=== Section Start ===
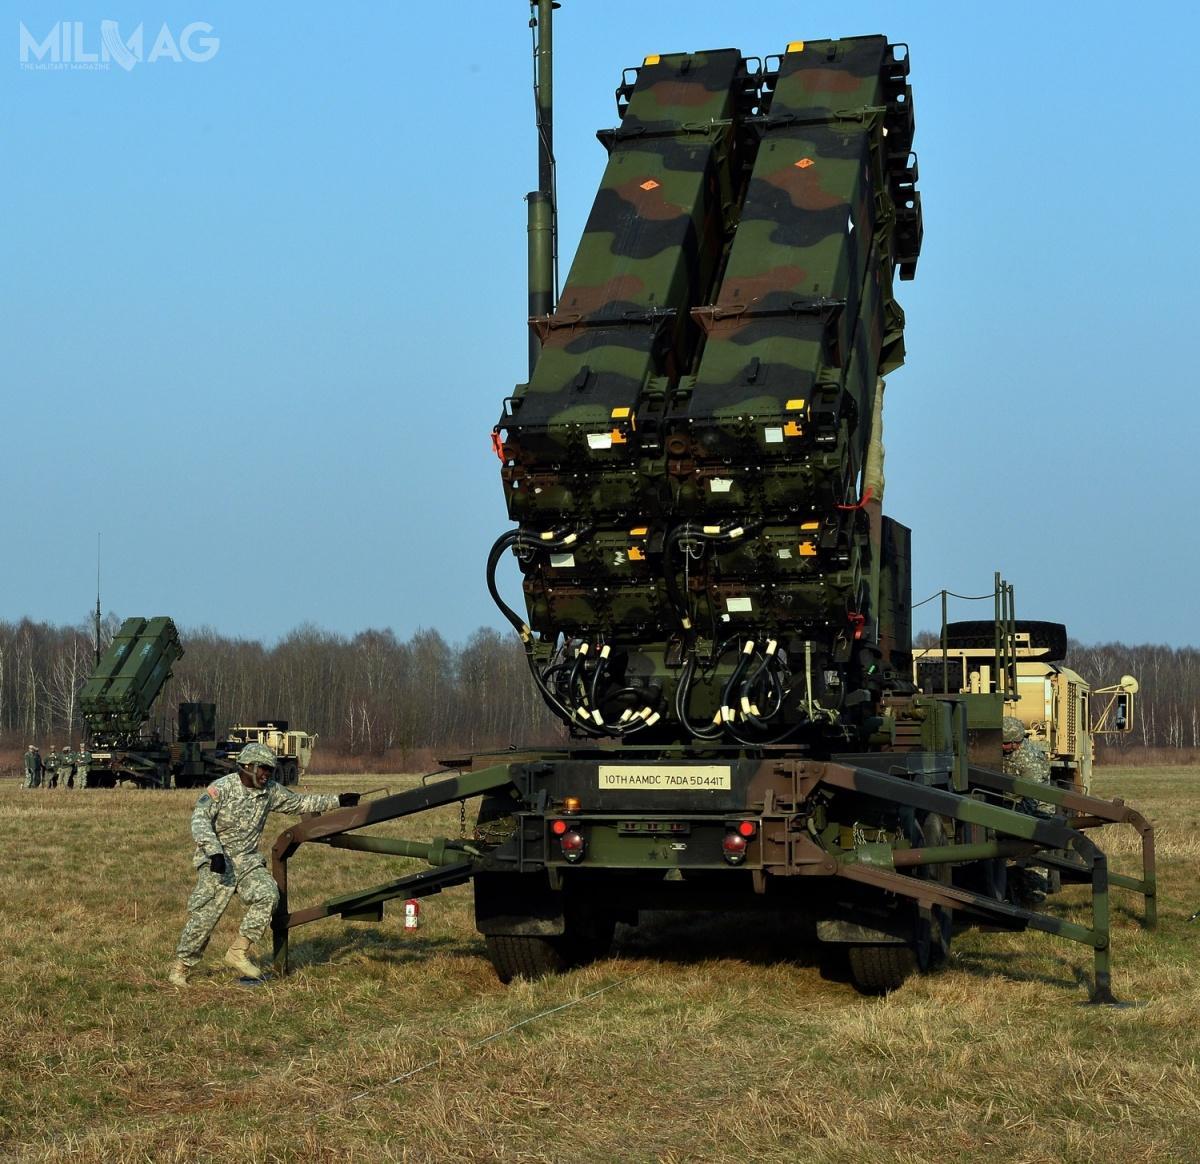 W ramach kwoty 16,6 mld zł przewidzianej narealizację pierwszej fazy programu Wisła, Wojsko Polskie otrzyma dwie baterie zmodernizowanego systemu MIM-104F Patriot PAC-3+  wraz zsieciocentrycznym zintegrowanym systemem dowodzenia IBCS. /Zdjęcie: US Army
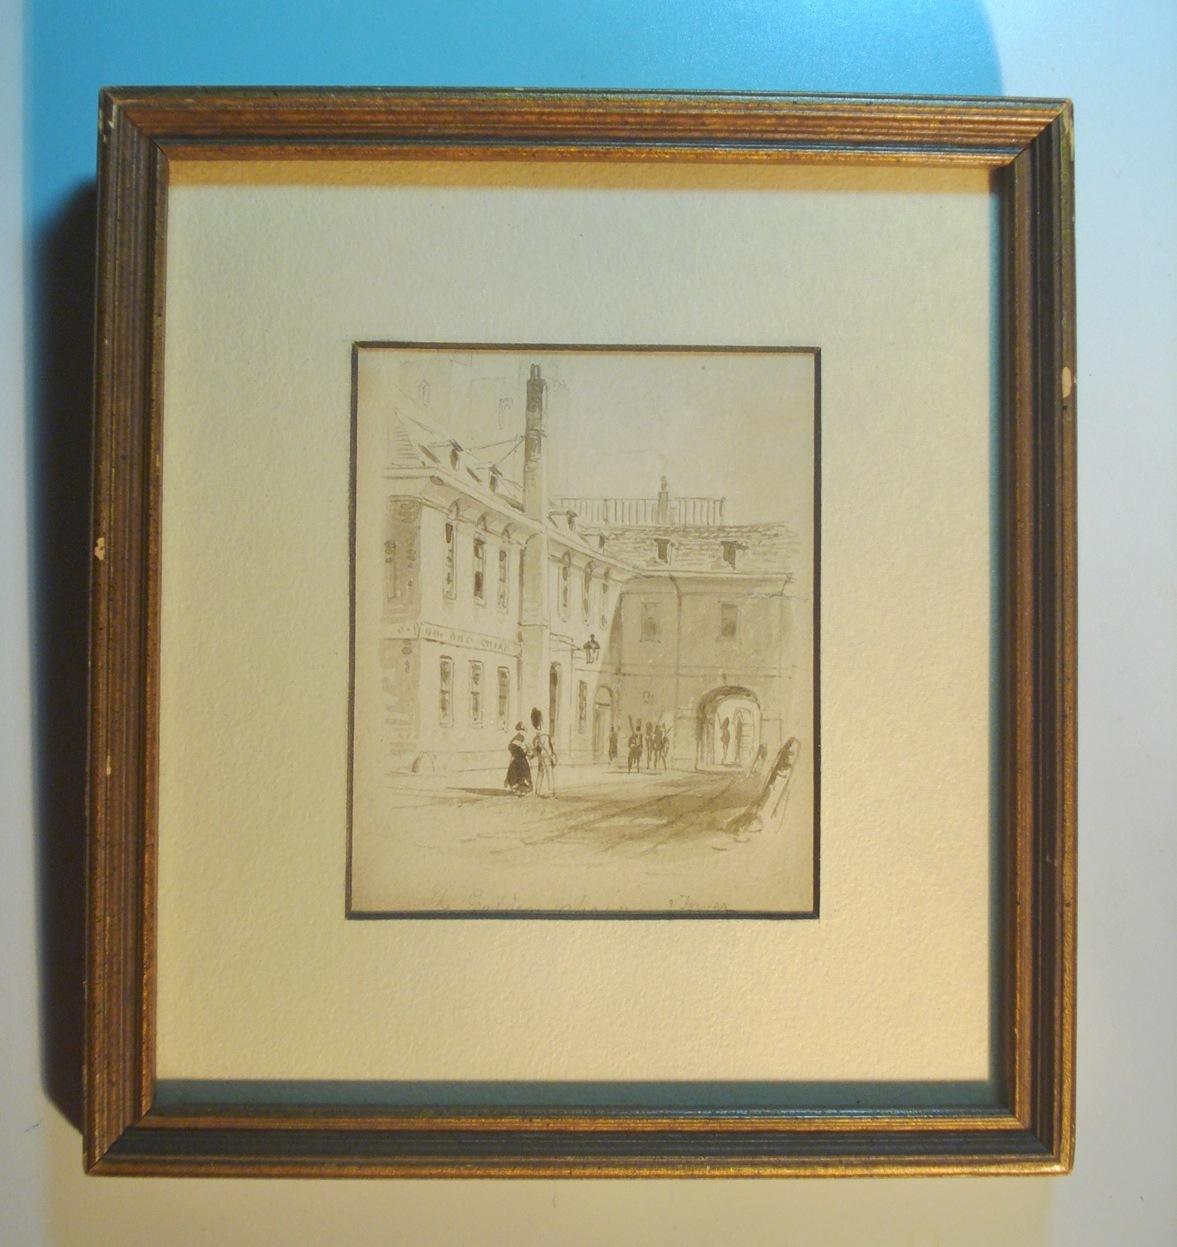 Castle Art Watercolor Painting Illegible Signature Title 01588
=== Section End ===
=== Section Start ===
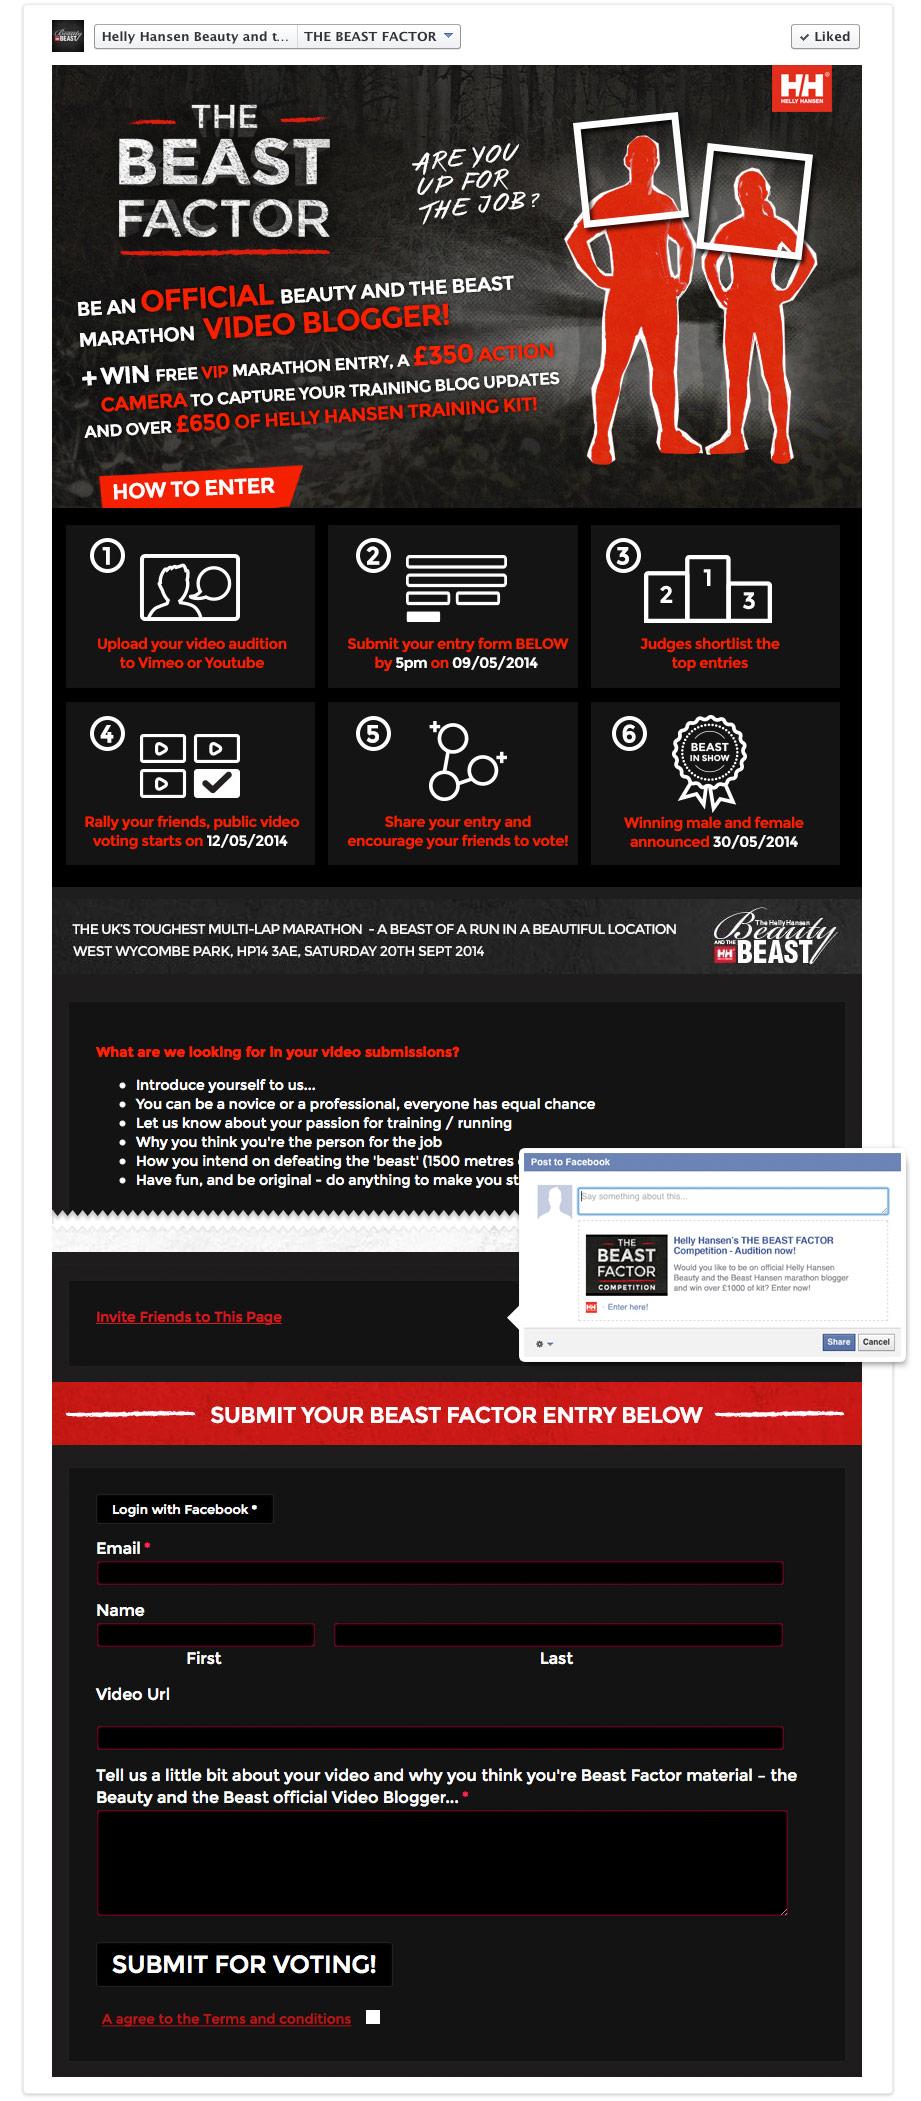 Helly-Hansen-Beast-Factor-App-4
=== Section End ===
=== Section Start ===
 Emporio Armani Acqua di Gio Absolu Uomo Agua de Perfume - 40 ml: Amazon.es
=== Section End ===
• Your instructions: When copying from the data above, begin at the line containing "W ramach kwoty" and end at the line containing "Castle Art Watercolor"; return those lines exactly and leave all pictures behind.

• Result below:
 W ramach kwoty 16,6 mld zł przewidzianej narealizację pierwszej fazy programu Wisła, Wojsko Polskie otrzyma dwie baterie zmodernizowanego systemu MIM-104F Patriot PAC-3+  wraz zsieciocentrycznym zintegrowanym systemem dowodzenia IBCS. /Zdjęcie: US Army
 Castle Art Watercolor Painting Illegible Signature Title 01588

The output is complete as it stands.